OAK LAWN, ILLINOIS: For 17 years a Michigan woman remained elusive to the police and law authorities after killing her newborn twins. But it was about time that her crimes caught up with her. Cracking open a cold case, 41-year-old Antoinette Briley is now charged with murdering her kids in 2003. Their bodies were found by a waste management employee on June 6, 2003, in garbage bins in an alleyway in Stickney Township in Illinois.
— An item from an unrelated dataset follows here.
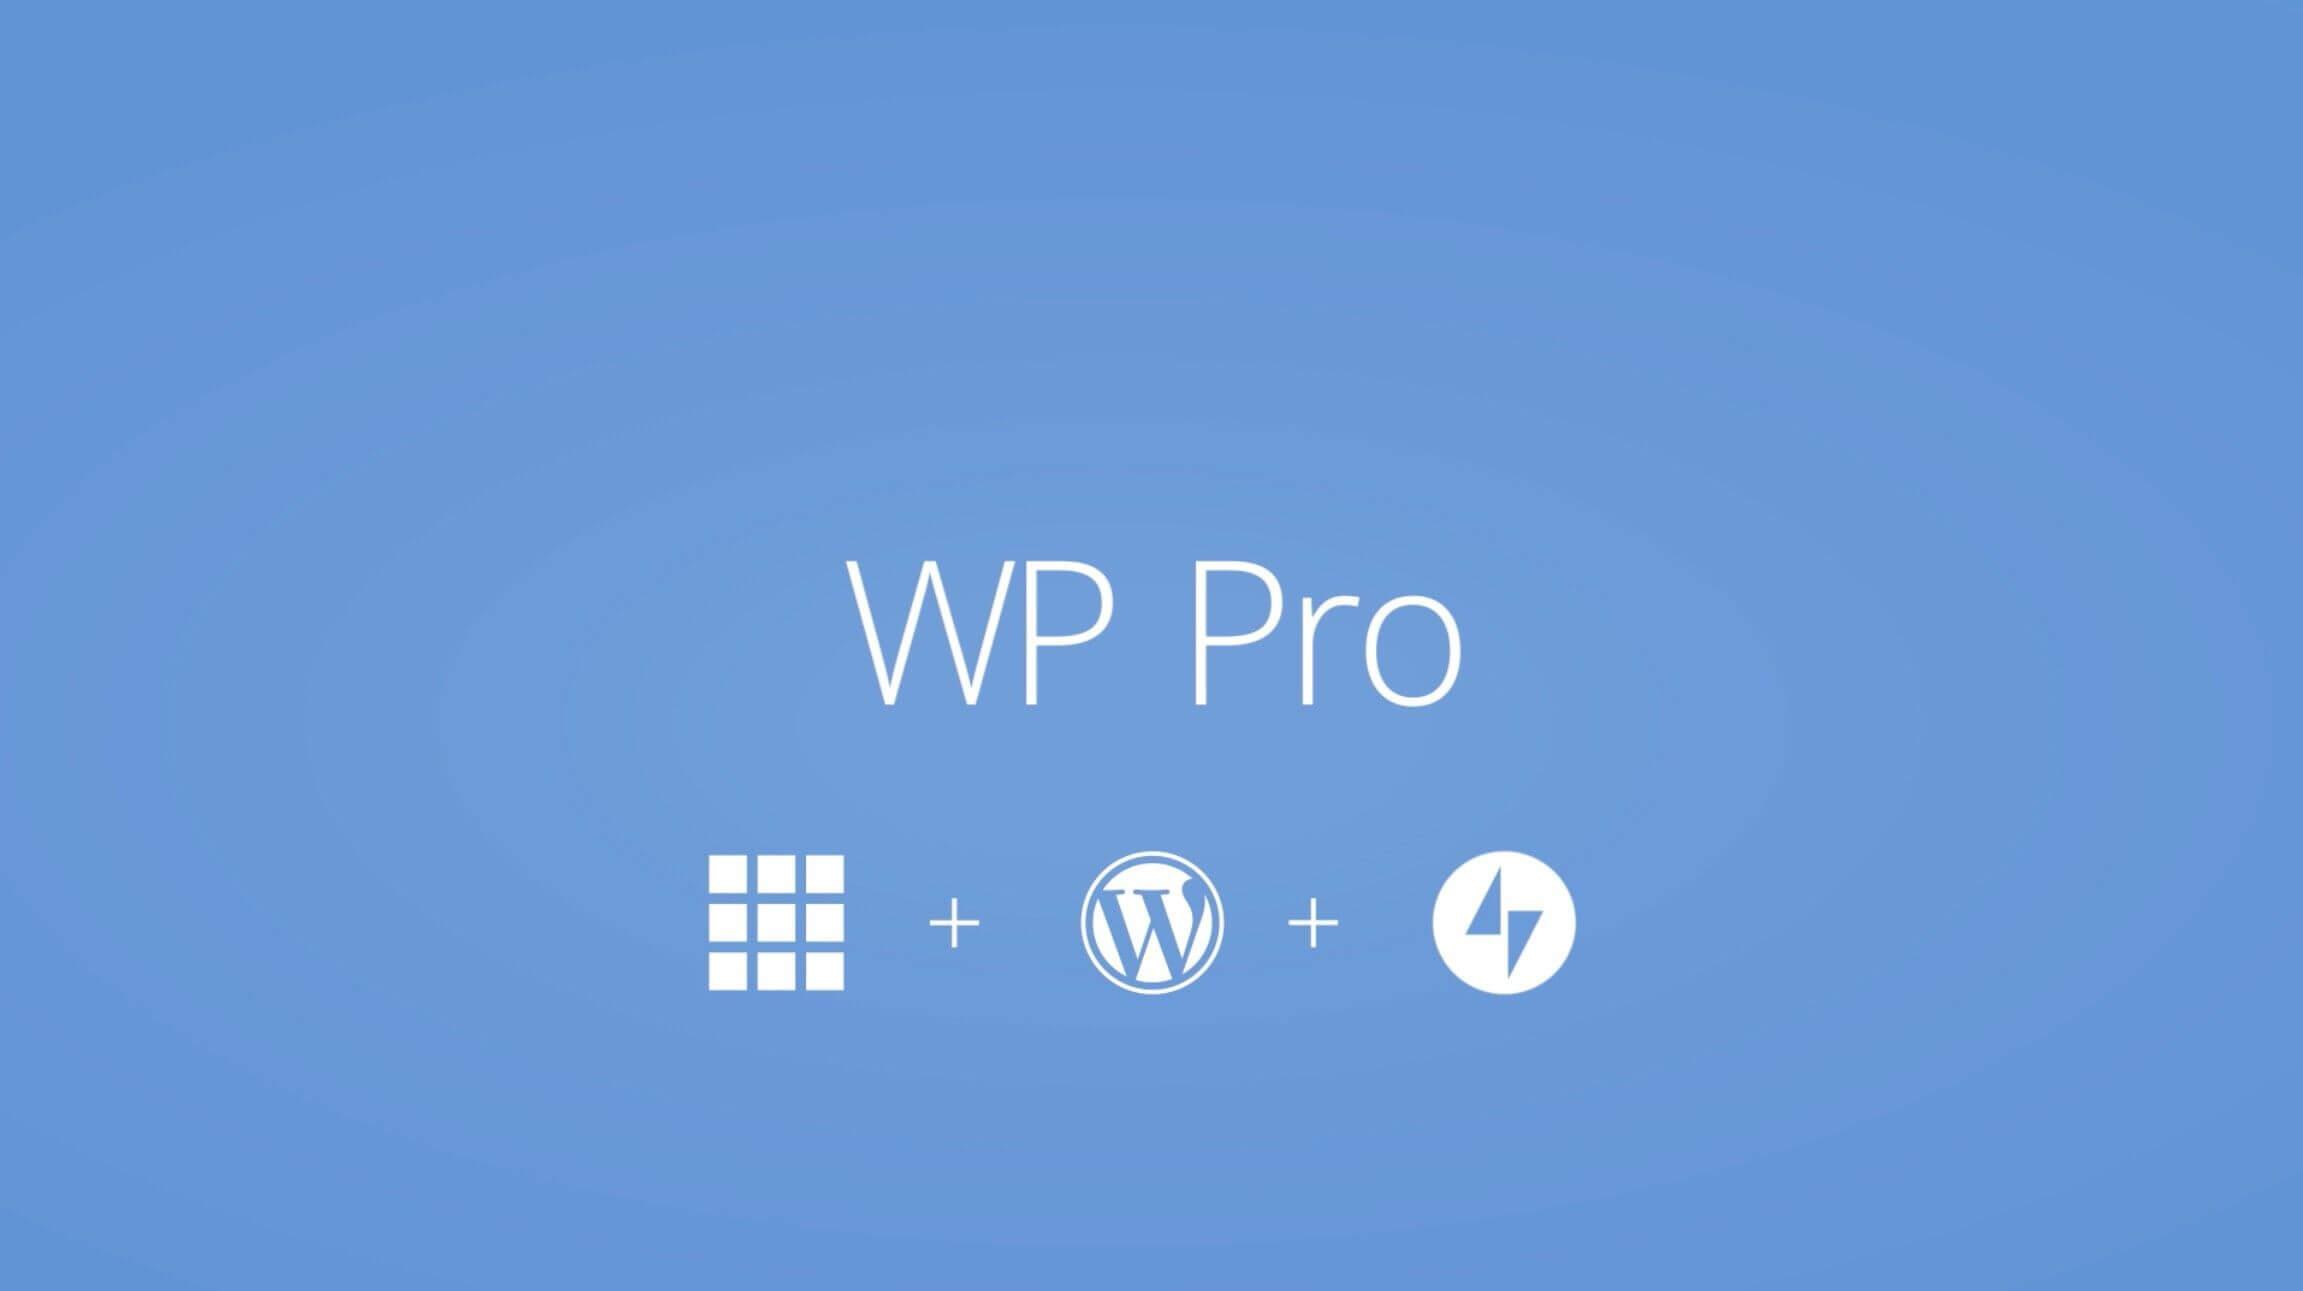 Wp Pro

Investigators managed to link her to the crime scene nearly two decades with the help of advanced genetic genealogy. She was apprehended at a traffic stop after authorities located her in Oak Lawn, Illinois. According to the sheriff's department, at a bond hearing on Saturday, Briley was appointed a public defender to represent her and her bail was set at $150,000. At the time, the autopsy for the babies had determined that they were born alive and died of asphyxiation. The police ruled their deaths homicides. Cook County sheriff's police say they conducted a thorough investigation but the case remained unsolved.

That is until 2018 when investigators reopened the case in 2018. They used the DNA recovered from the scene and the latest developments in genetic genealogy. It was lead detective Ginny Georgantas, who pushed for the case to be reopened, after the technology helped crack the Golden State Killer case. "I’m happy that there's closure for the twins, there was nobody fighting for them," she said.

According to reports, Cook County prosecutors said that when she was questioned, Briley said she was alone at her grandfather's house when she gave birth to the twins in the bathtub. Briley admitted that the twins were crying after they were born as she sat in the tub for a few minutes, panicking and thought about what she was going to do. She then told investigations that she decided to go to the hospital, got out of the tub, and cleaned herself off. All this as the babies were in the tub. She then proceeded to place them into a duffle bag, without wiping them off and started driving to the hospital.

The report reveals that prosecutors said on the way there, that she "decided that because nobody knew, nobody would ever know". "So she chose garbage can at random, took the babies out of the duffle bag, put them in the garbage can, put the bag back in her car, and went back to her grandfather's house, where she threw away the duffle bag, watched TV, and went to bed." Prosecutors now say that Briley regrets her actions - that she "wishes she could take the whole day back," and that she had just kept going to the hospital to make sure the babies were healthy.

The resolution of the cold case is a benchmark for the department. "The sheriff's detectives and sheriff's police officers worked hard on this case then, it was never gone, it never was passed us," said the sheriff's Chief of Public Safety. "The things that they did back then, helped us today." "Seventeen years ago we wouldn't have made this case this way," said Leo Schmitz, chief of public safety at the sheriff's department, at a press conference on Saturday. Upon arrest, Briley seemed "distraught", according to Sean Gleason, deputy chief of the Cook County Police Department's detective division.